Jenna did not reply. Slowly, she stood up and carefully folded the crocheted blanket.
Septimus saw a dark and anxious look in her eyes and decided not to push things any further. “Well, don't worry,” he said, reluctantly crawling out of his makeshift bed,
“I'll come see whatever it is first and then I'll go back. If I run fast I might just make it.”
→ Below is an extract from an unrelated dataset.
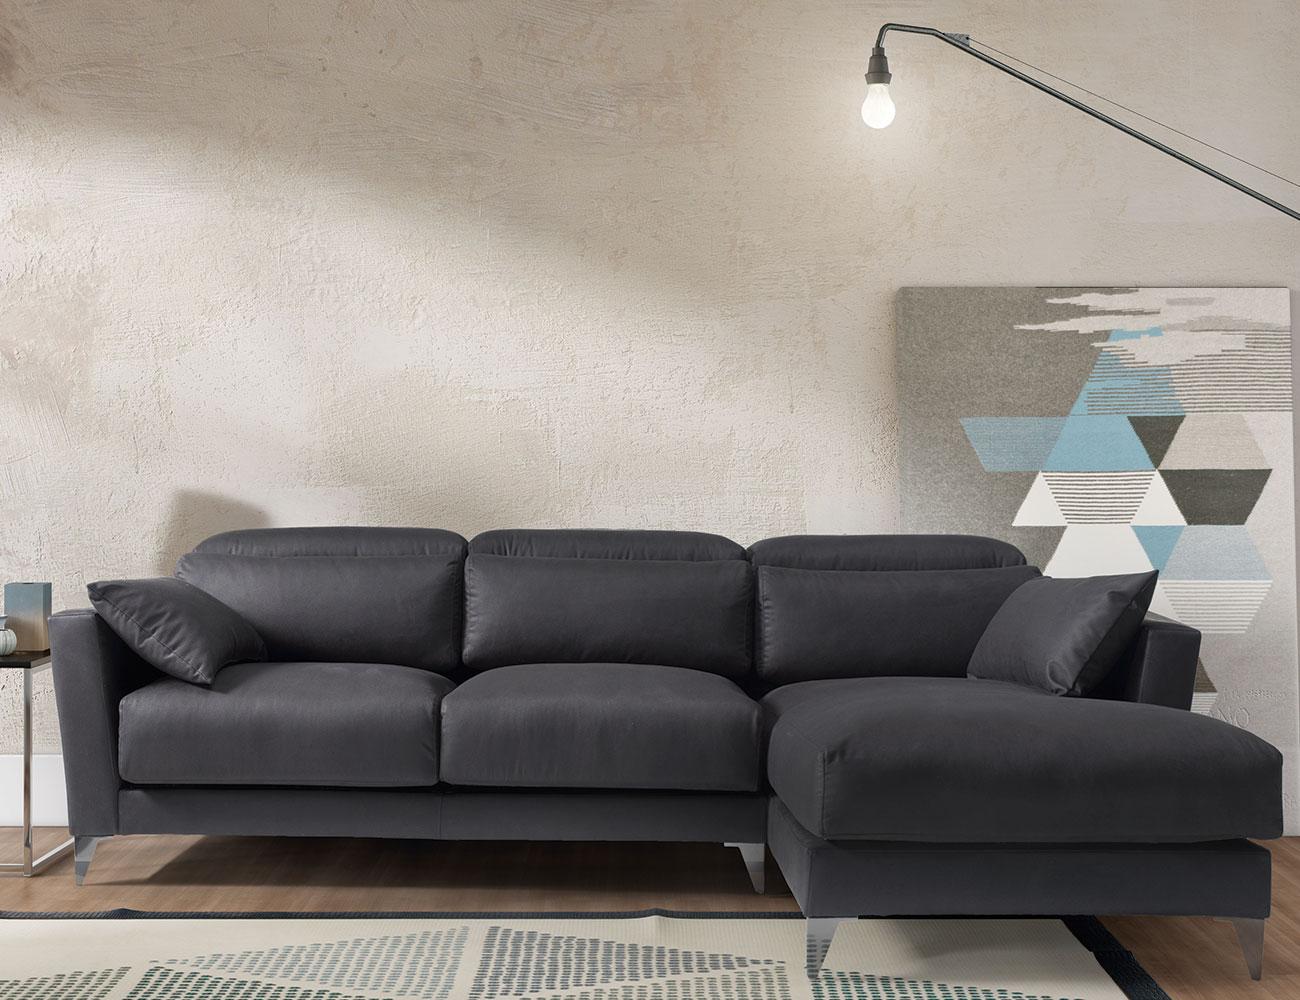 Sofa chaiselongue gran lujo decorativo grafito

“Thanks, Sep,” said Jenna.
As Jenna and Septimus closed the door of Sarah Heap's sitting room behind them, the ghost of Queen Etheldredda descended through the ceiling with a look of satisfaction on her sharp features. She settled herself down on the sofa, picked up the small book that Sarah had left on the table and, with fascinated distaste, began to read True love Never Lies.
Septimus and Jenna made their way along the Long Walk, the wide passageway that ran the length of the Palace like a backbone. It was deserted in the dim light of the morning, for the Palace servants were quietly employed elsewhere getting things ready for the day, and the various Ancients who haunted the Long Walk at night had fallen asleep in the early-morning light. Some were propped up in doorways, others were contentedly snoring in some of the moth-eaten chairs that were scattered along the Walk for the benefit of those who found the distance too far to travel in one trip.